- **AVAILABLE DATA**:
┄┄┄┄┄┄

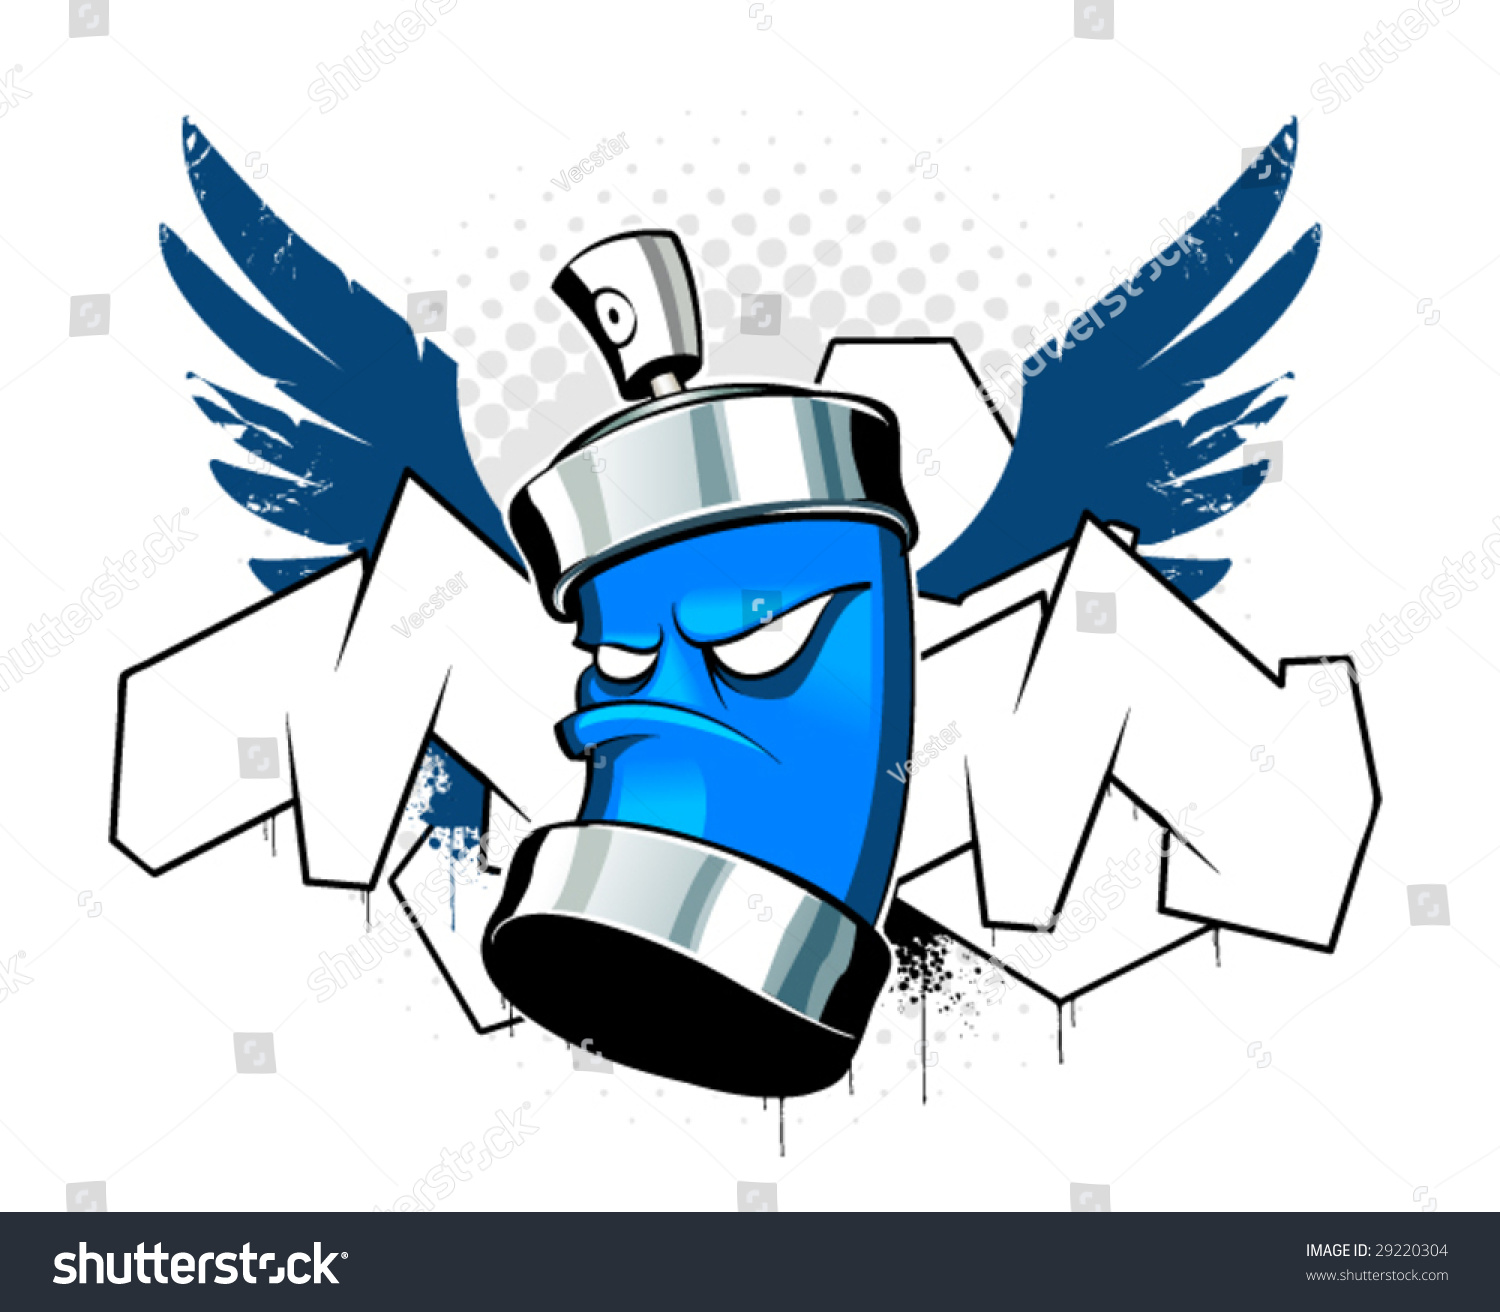 Cool Can Wings On Graffiti Background Stock Vector 29220304 - Shutterstock
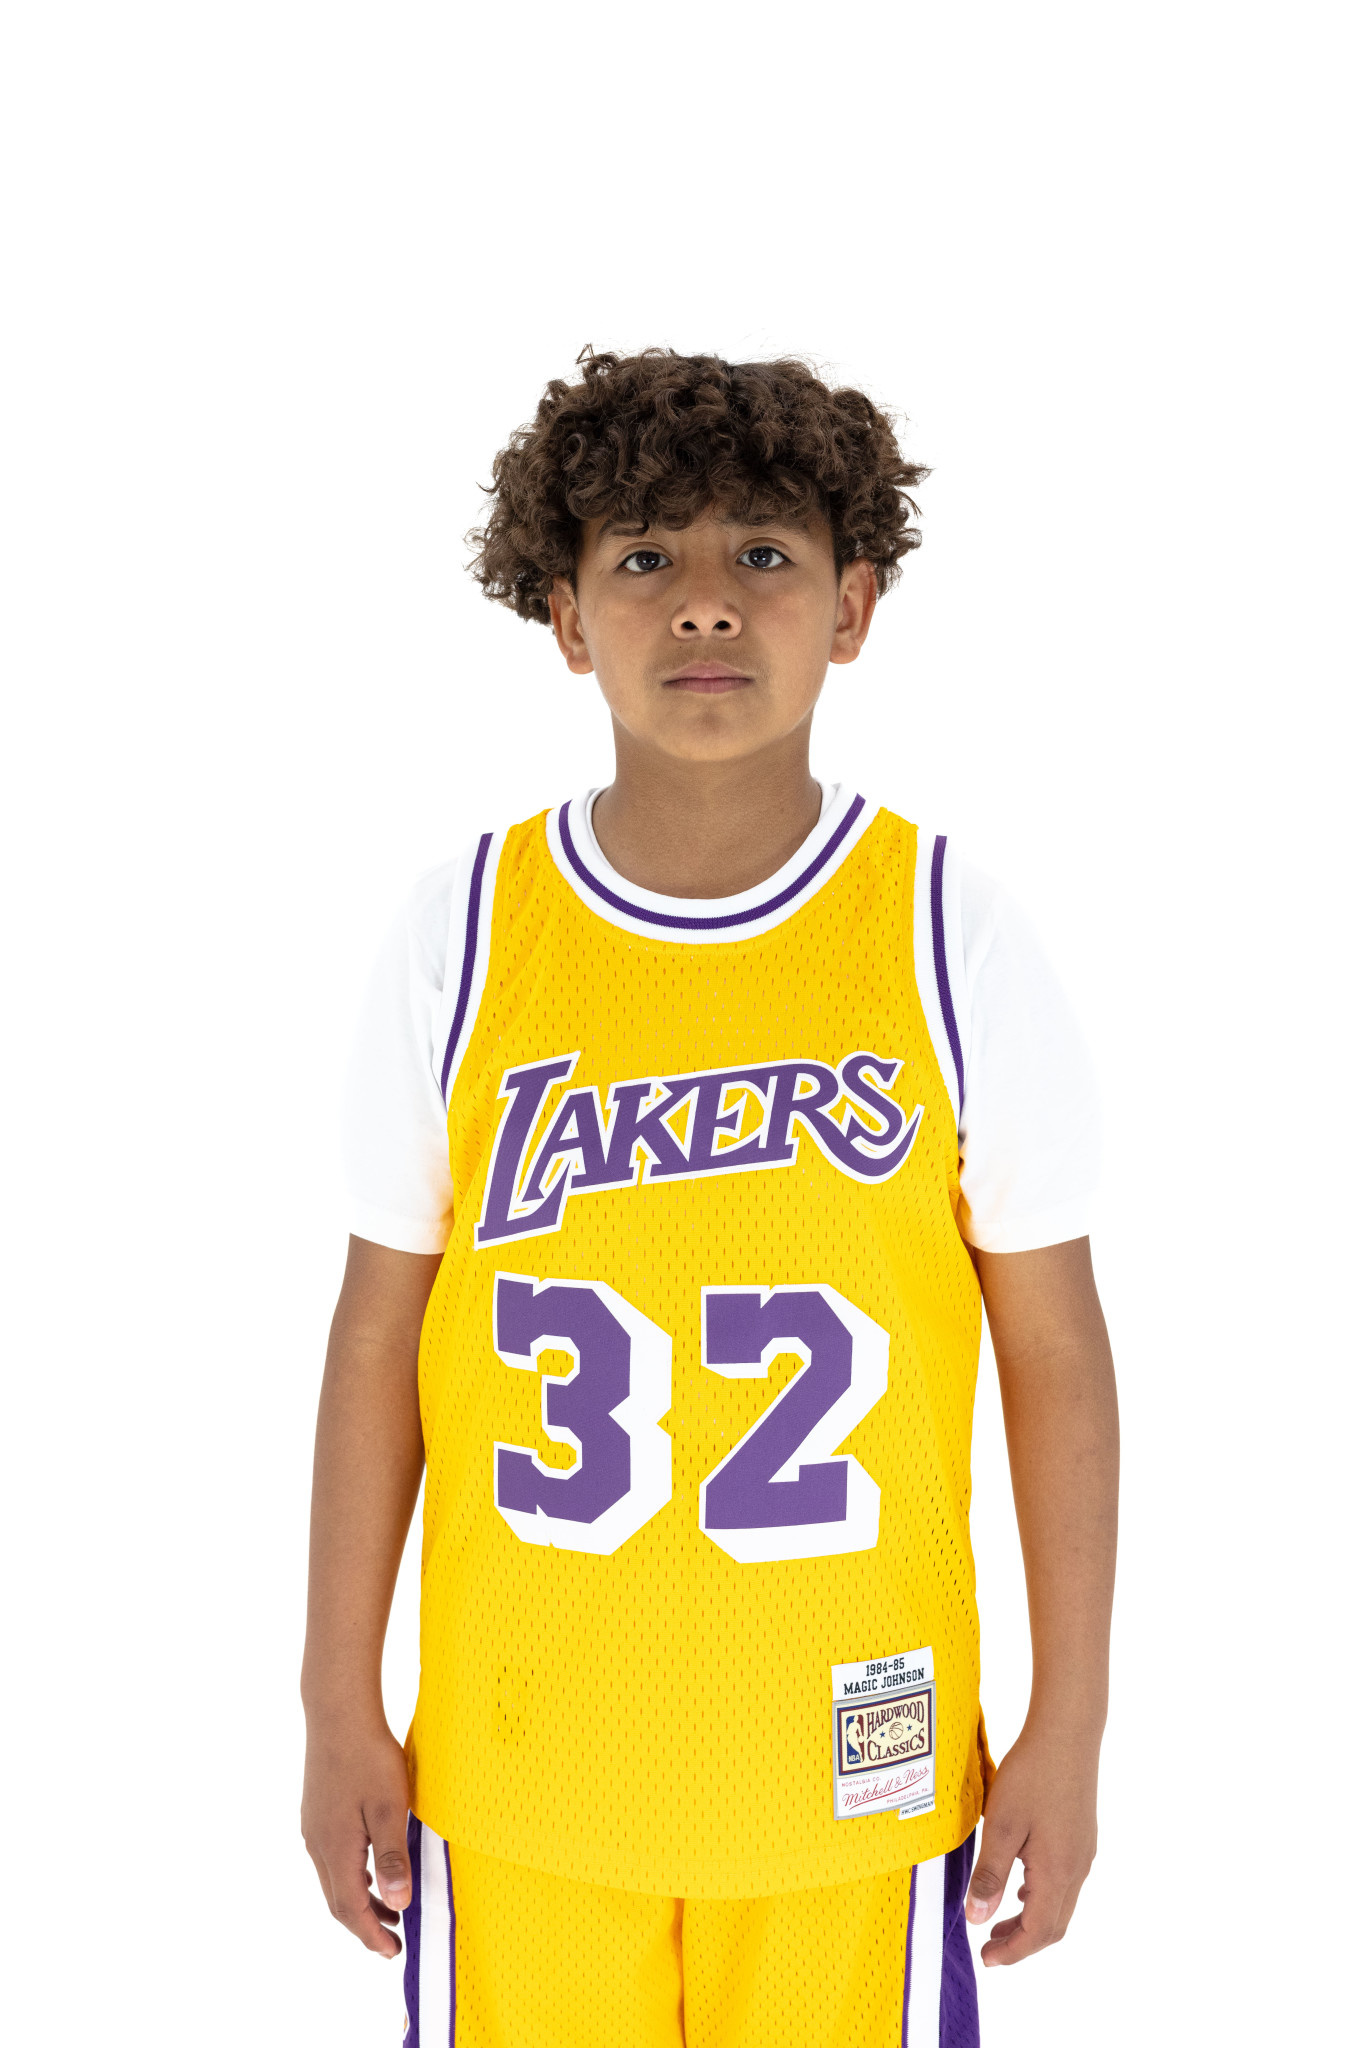 black lakers jersey youth
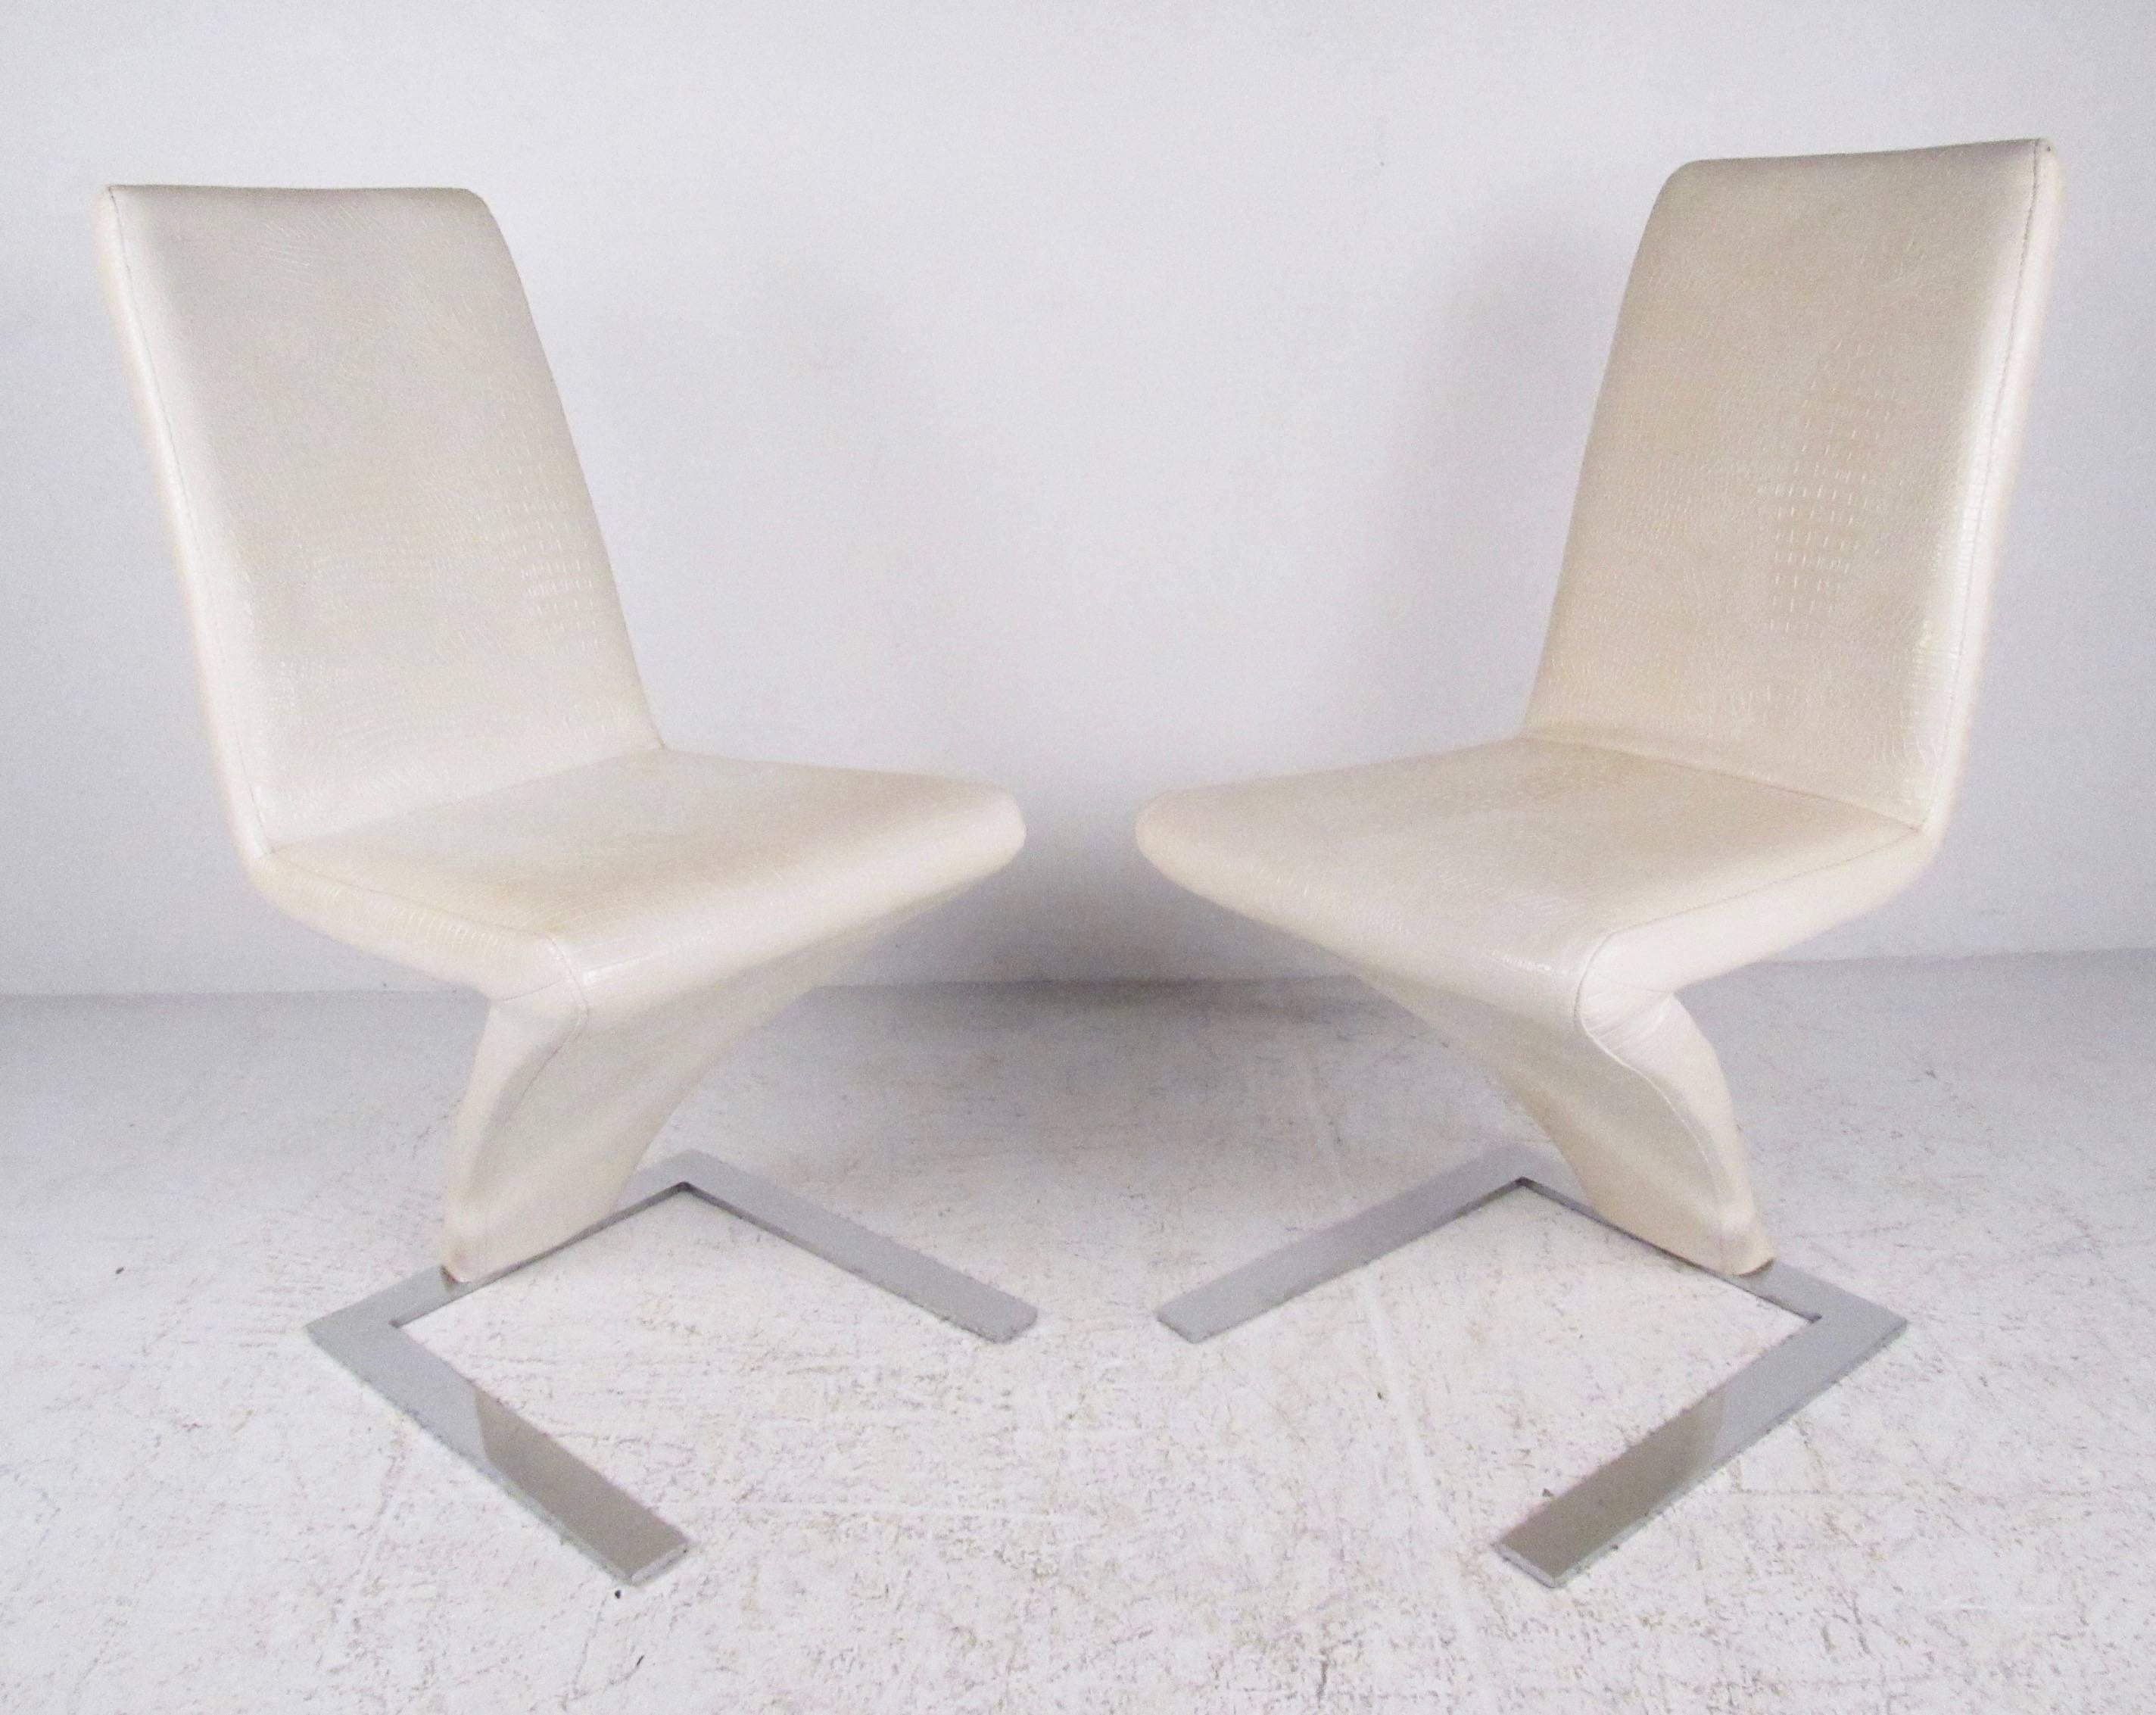 This stylish pair of contemporary modern side chairs feature faux skin upholstery, sturdy cantilever base, and comfortable high back design in the style of Verner Panton. Please confirm item location (NY or NJ).

┄┄┄┄┄┄

- **WORK INSTRUCTIONS**: Repeat the material exactly. Skip the images.

- **YOUR RESPONSE**:
 Cool Can Wings On Graffiti Background Stock Vector 29220304 - Shutterstock
 black lakers jersey youth
 This stylish pair of contemporary modern side chairs feature faux skin upholstery, sturdy cantilever base, and comfortable high back design in the style of Verner Panton. Please confirm item location (NY or NJ).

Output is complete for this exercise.